«Я свободен, словно птица в небесах?»

Свобода… В юности она одурманивающая и призрачно приобретает черты условной реальности в каникулярный период, когда родители доверяют тебе дом на неделю своего отпуска. Ты по-другому дышишь, яркость даже вечернего солнца кажется утренним преддверием целого дня. Становясь же взрослей, та же самая «свобода», как ни парадоксально это будет звучать, но в представлении светского человека одевает на себя оковы — свобода становится несвободной: образование, супруга, дети, родители, работа… все диктует тебе маршрут, по которому ты пройдешь каждый предстоящий тебе день. И как только не реагирует человечество на эту ограниченную в оценке материально-центричным видением «обрубленную» свободу. Кто-то, ощутив ограничение уже в университете, старается минимально себя нагружать, сбрасывая груз ответственности; кто-то, приобретя свой «караван» — семью, бросает его в процессе движения, обрекая на ущербную «свободу» от себя супруга-супругу, детей, дублируя разные роли участников эксперимента «Вселенная-25». Но какой она — свобода, должна быть в идеале, а не наших опытах хаотичных метаний? Ведь это не дилемма теоретического плана, а вопрос удовлетворения своим собственным существованием, радости самого бытия.

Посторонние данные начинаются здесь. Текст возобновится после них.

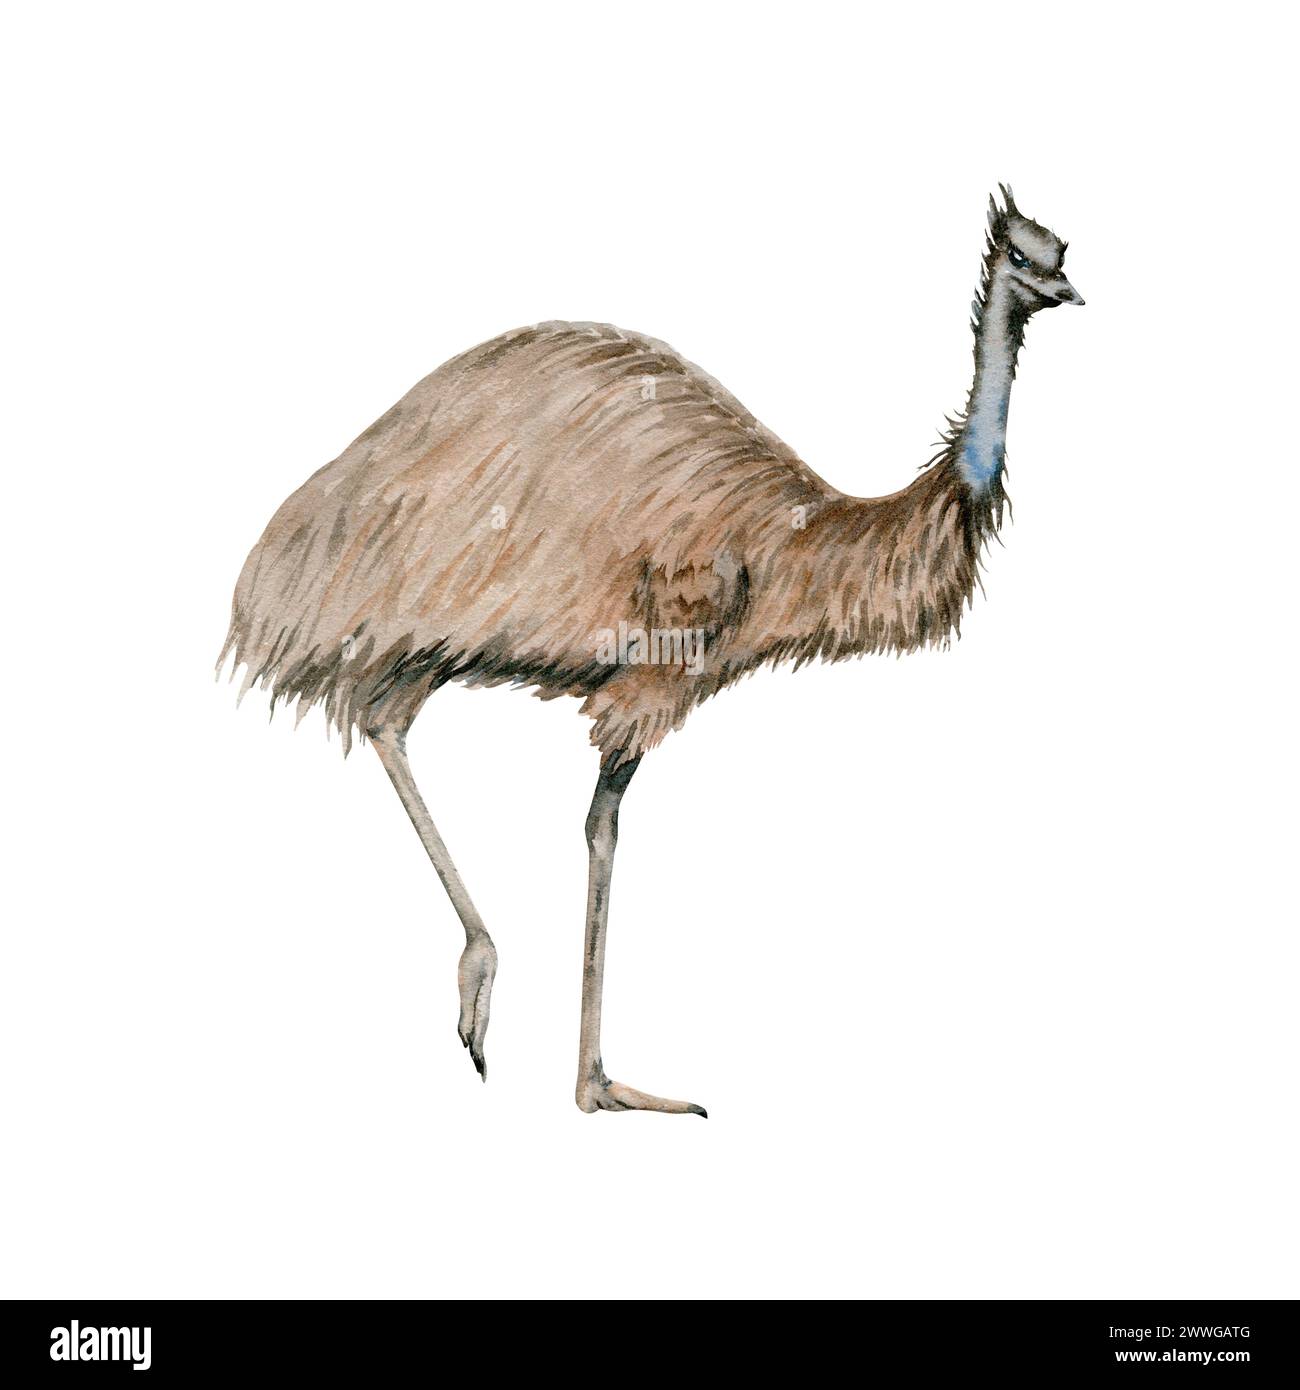 Autruche émeu. Animal nocturne marsupial indigène australien. Illustration aquarelle isolée sur fond blanc. Croquis national d'oiseaux dessiné à la main Banque D'Images

«Люди никогда не пользуются свободой, которая у них есть, но требуют той, которой у них нет».
Сёрен Кьеркегор

Есть простой путь определения ущербности человеческой свободы — обвинить в невозможности согласовать видение своего «счастья» и «счастья» окружающих Того, Кто задумал этот мир. Материалист и долгое время ведущий специалист Польши в области логики Тадеуш Котарбиньский в «Трактате о хорошей работе» лаконично резюмировал, что «полная свобода возможна только как полное одиночество», не ответив по сути на практический вопрос: «Куда же деть окружающих тебя людей?». Уж очень это становилось похоже на рисуемый от Данте до святых отцов ад — при отсутствии позитивной коммуникации человек сходит с ума, что неоднократно доказывалось опытно. Философ же и психиатр, создатель логотерапии Виктор Франкл неразрывно связывал оба субъекта я-и-другие: «Свобода, если её реализация не сопряжена с ответственностью, угрожает выродиться в простой произвол». Уже давно заметив эту коллизию «человек не удовлетворен в обществе — человек не радостен в одиночестве», философы и теологи предваряли ответ в согласовании другого кажущегося антагонизма «с одной стороны — Бог знает все, с другой — человек делает, что захочет». А, может, мы не так и свободны? По мнению правоведа и философа Евгения Трубецкого, божественное «предвидение пребывает вне времени и, следовательно, не есть предшествующее временным рядам событие». Представить себе точку пересечения этих двух положений проще языком аналогий нашего материального мира. Уже сегодня известно, что вне области гравитации Земли и солнечной системы, в районе черных дыр и антиматерии, кажущаяся нам — людям, абсолютно важной категория времени (долгие года жизни человека) живет по абсолютно неизведанным еще нами физическим законам. Проще говоря, человек, находящийся на крыше 9-этажного дома и наблюдающий как те или иные люди перемещаются по двору большой площади, не руководит их действиями, хотя и видит все происходящее на территории. Иудейский философ Хасдай Крескас в XV веке лаконично и исчерпывающе сформулировал это в словах: «свобода воли видна только при взгляде снизу вверх, но не сверху вниз».
Выходит, что оценка и пользование свободой обусловлены все же лично мной — человеком. Тогда откуда же такая периодическая самоидентификация зависимости и ощущение незначительного самостоятельного пользования своей свободой?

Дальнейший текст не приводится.